Rising inequality is a fixture of left-wing polemics. Sanders harps on it. Lamenting a widening gap between the richest and the rest. A lot of numbers are invoked — the top X%’s wealth share has grown from Y% to Z% over such-and-such a time span. As if such numbers are simple facts.
They never are. A recent in-depth lead article in The Economist explored all the assumptions and difficulties behind any such calculations. It casts much doubt on the “rising inequality” narrative, at least within rich countries.
Globally, inequality has indisputably been falling. That’s because economic growth rates in developing countries have greatly exceeded those in mature economies, narrowing that gap.

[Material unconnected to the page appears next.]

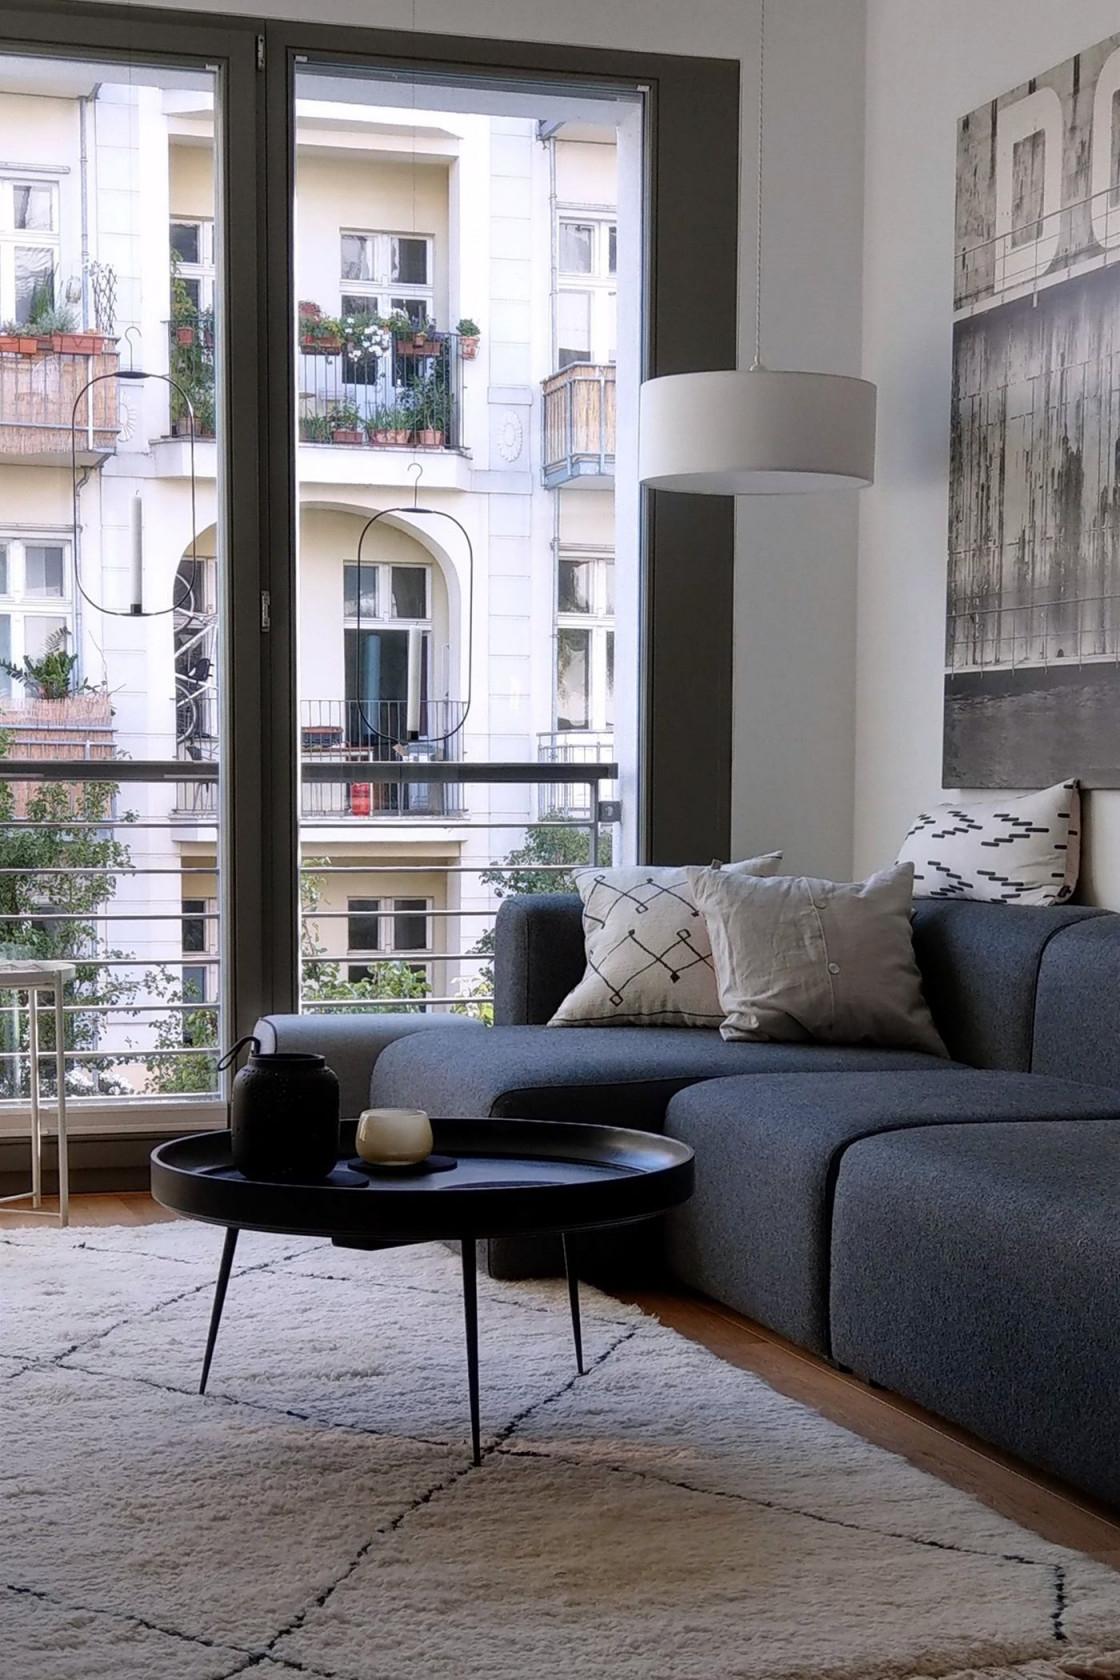 Wohnzimmer Die Schönsten Ideen von Wohnzimmer Schön Einrichten Bild

We keep hearing about “exporting jobs.” When we then import the goods produced from, say, China, cheaper than we can make them ourselves, that savings actually makes Americans collectively better off, even while some Americans who lose jobs are worse off. That job shift is a wealth transfer from richer nations to poorer ones — again, decreasing global inequality. Indeed, the numbers of people in extreme poverty have plummeted. Which progressives should welcome, no?The Economist addresses four pillars of the “rising inequality” narrative: top earners snare a greater share of income; middle class incomes have stagnated; this is because labor’s share of rising productivity has fallen relative to capital’s; thus wealth has been concentrating at the top.
In each respect, you get very different results depending on how the numbers are parsed.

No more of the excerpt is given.